Background technique
TiO2It is a kind of nontoxic inorganic material, there is fabulous chemical stability, stronger photocatalytic activity and good
Good biocompatibility.After passing through ultraviolet lighting for a period of time, TiO2Surface can become super hydrophilic state.Have and grinds
Study carefully discovery, TiO2Material has relatively broad application [Yoshiaki in fields such as photocatalytic self-cleaning, bioengineered tissues
Taguchi. et al. Photo-induced properties of non-annealed anatase TiO2
mesoporous film prepared by anodizing in the hot phosphate/glycerol
electrolyte. Chem. Applied Surface Science 258 (2012) 9810-9815]、[K. Cheng,
H. P. Wan. et al. A facile approach to improve light induced cell sheet
harvesting through nanostructure optimization. RSC Adv., 2015, 5, 88965-
88972]。
Expanded PTFE be it is a kind of it is nontoxic, without new medical macromolecule material carcinogenic and with multiple microcellular structure
Material, not only resistance to biological aging had good biocompatibility again, and it is medical to be widely used in manufacture cardiac patch, artificial blood vessel etc.
Arts.
TiO2Inorganic material and expanded PTFE have the advantages that many practical, and the two, which combines, can more promote it at oneself
The application of cleaning and organizational project and other field.But on expanded PTFE surface, preparation has firm connection power at present
TiO2There are larger difficulty in terms of nanometer particle film.Due to expanded PTFE be a kind of high degree of symmetry nonpolarity it is linear
Structure, internal carbon are surrounded by fluorine atom, therefore show stronger hydrophobic performance.It would generally be first to the high molecular material table
Face carries out chemical modification, then prepares TiO again2Nanometer particle film, but such method operating process is more complicated, cost compared with
Height, and TiO2Nano particle is insecure in conjunction with expanded PTFE substrate, significantly limits its application.
Summary of the invention
The purpose of the present invention is to provide one kind expanded PTFE surface preparation have good biocompatibility and
The titanium dioxide nano-film method of optical Response.

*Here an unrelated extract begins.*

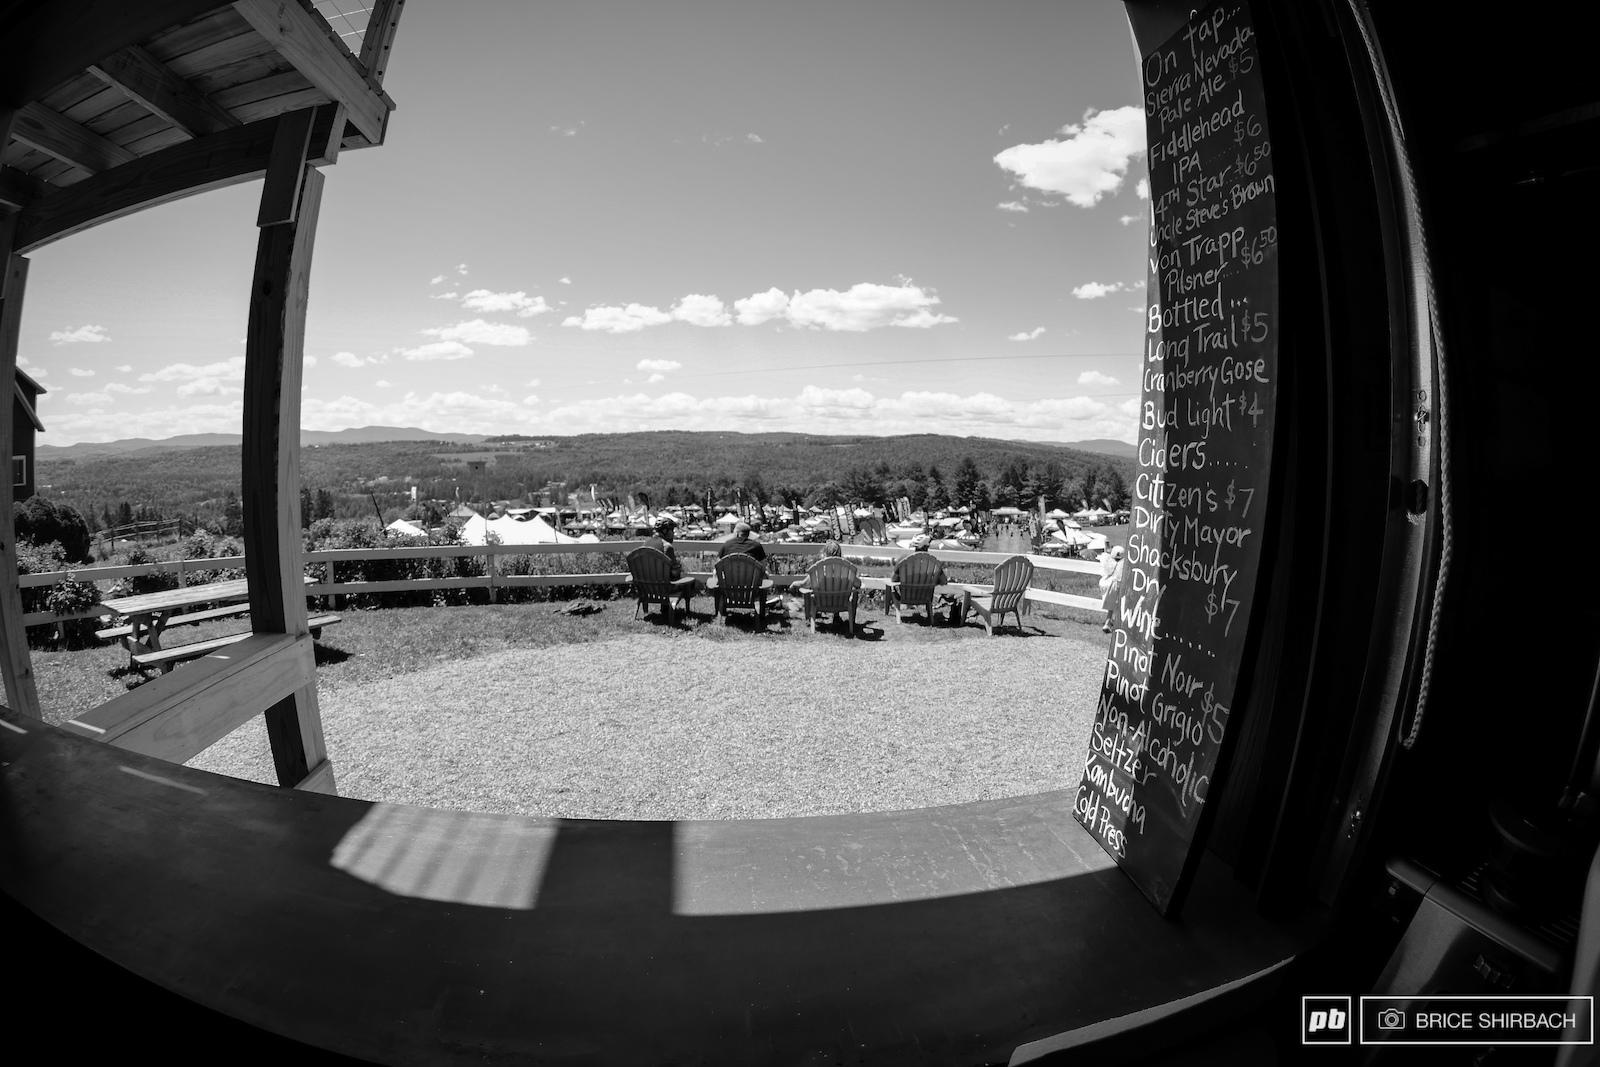 NEMBA Fest 2016

The method for preparing titanium dioxide nano-film on expanded PTFE surface of the invention, includes the following steps:
1) expanded PTFE substrate is cleaned, substrate surface adsorbate is removed, is spontaneously dried;
2) oxygen is passed through in plasma reactor, will cleaning, it is dry after expanded PTFE substrate be placed in away from
From the plasma discharge region position 10 ~ 30cm, 10 ~ 60s is handled;
3) by butyl titanate and dehydrated alcohol, 1:1 ~ 1:6 is mixed and stirred for uniformly, obtaining solution A by volume;
4) 20 ul ~ 30ul A solution is added dropwise on step 2 treated expanded PTFE substrate, with
30 ~ 40s of revolving speed spin coating of 7000r/min, 60 DEG C of dryings obtain butyl titanate film;
5) by butyl titanate membranes submerged made from step 4) in the hydro-thermal tank for filling deionized water, 140 DEG C of hydro-thermals
2 ~ 4h is handled, obtains titanium dioxide nano-film in expanded PTFE substrate surface.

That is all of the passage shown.